Около получаса ушло на поднятие заранее выломанной каменной плиты. Распрощавшись с Керимом, оставшимся скрыть следы побега хотя бы на время, беглецы спустились на веревках в нижнее помещение, бывшее когда-то, по всей вероятности, канализационной камерой: из стен торчали покрытые закостеневшей слизью оборванные трубопроводы. Один из беглецов посветил фонариком на стену, дал знак – «здесь», и они втроем стали отбивать молотком, завернутым в мягкое тряпье, кусок за куском от стены, пока не открылась глубокая дыра с окружностью трубы внушительных размеров в полуметре от края. Было очевидно, что лаз тоже был подготовлен заранее и затем заделан снова, но уже тонкой стенкой из фанеры с нанесенным на ее поверхность слоем цемента. Из трубы понесло нечистотами.

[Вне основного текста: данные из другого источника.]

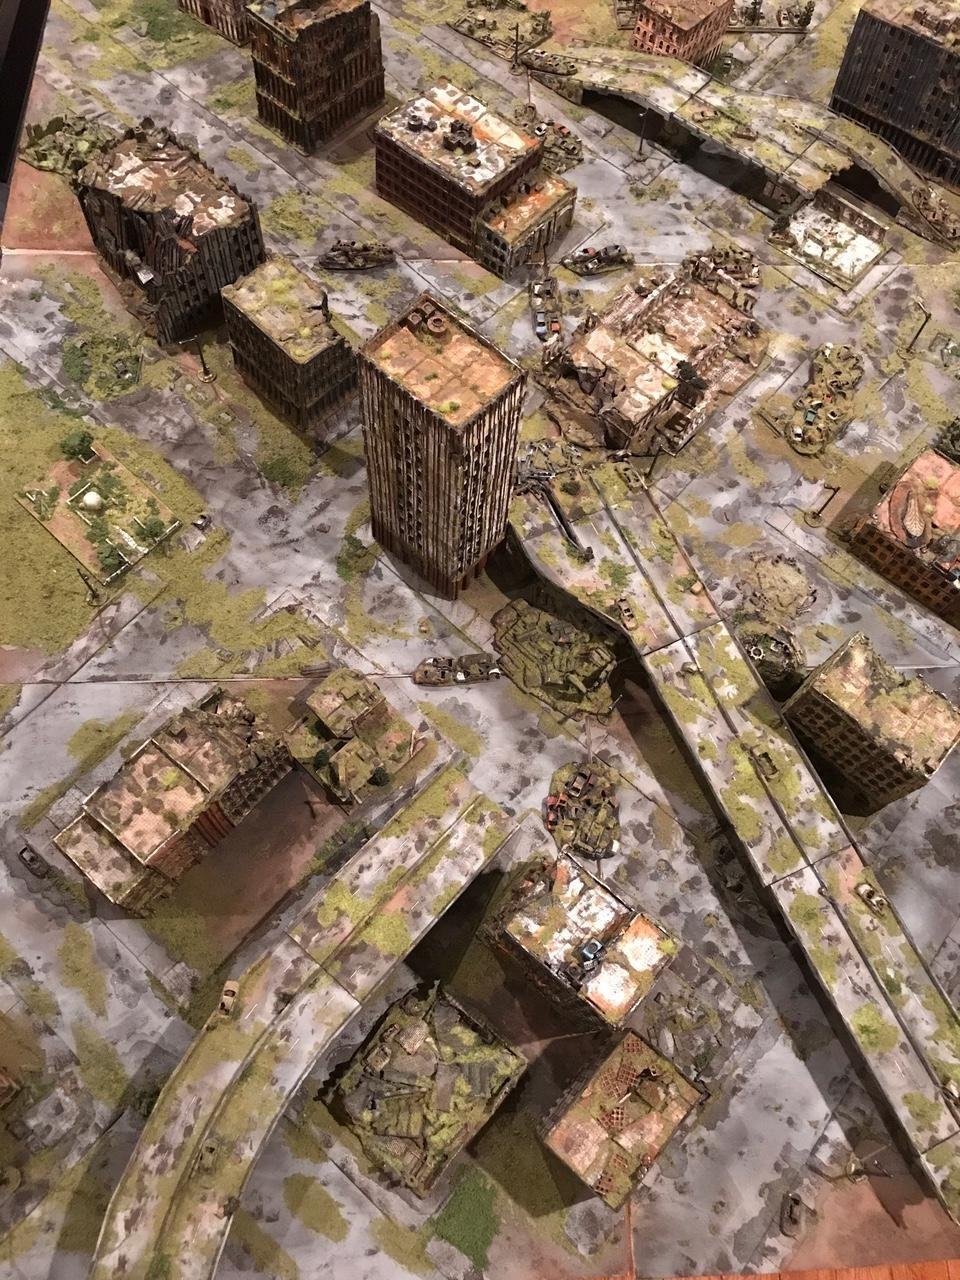 My Masterpiece As A Hobbyist My 5x4 City Table N Scale 10mm Forum Dakkadakka Wargaming Terrain Warhammer Terrain Overgrown City

Один за другим беглецы влезли в трубу, парень «с фонариком – впереди, и по пластунски, действуя локтями и коленями, двинулись вперед, сдирая в кровь локти и коленки о заскорузлую поверхность. Труба постепенно расширялась, они уже не ползли, а карабкались на четвереньках. Сначала труба шла прямо, потом, еще немного увеличившись в диаметре, пошла немного под уклон. Преодолевать расстояние стало значительно легче, но вонь становилась все сильнее, глаза слезились от аммиачного испарения, подельники Турецкого удалились настолько, что он с трудом различал мерцание фонарика. Внезапно и этот слабый источник света исчез. Он прибавил шагу, почти побежал в полусогнутом состоянии, вытянув вперед руки, и – со всего маху врезался в преграду: труба в этом месте делала резкий поворот. Он снова увидел впереди слабый свет, труба сделалась огромной, и можно было выпрямиться во весь рост, но откуда-то сбоку в него ударило несильной струей жижи, он рванулся вперед – с другого боку била уже не струя, а целый водопад не то нечистот, не то химических отходов. Он оказался по щиколотку в этой дряни, скользил по дну, стараясь не уронить мешок, приходилось сдерживать темп, ноги несли его стремительно вперед, глаза, разъедаемые парами черт знает каких соединений, уже не видели ничего, ему казалось – еще один метр, и он больше не сможет шагать в этом зловонии, от которого готов был каждую секунду потерять сознание. Ему хотелось крикнуть: «ребята, давайте передохнем немножко», он повторял эти слова про себя, и от этого двигаться было еще труднее. Тогда он стал говорить вслух: «никакой передышки, скоро конец, скоро конец, никакой передышки». Голос его отдавался глухим эхом и умирал где-то далеко позади. И тогда возникли в памяти другие голоса, голоса его и Бабаянца, которыми произносилась та самая несусветица.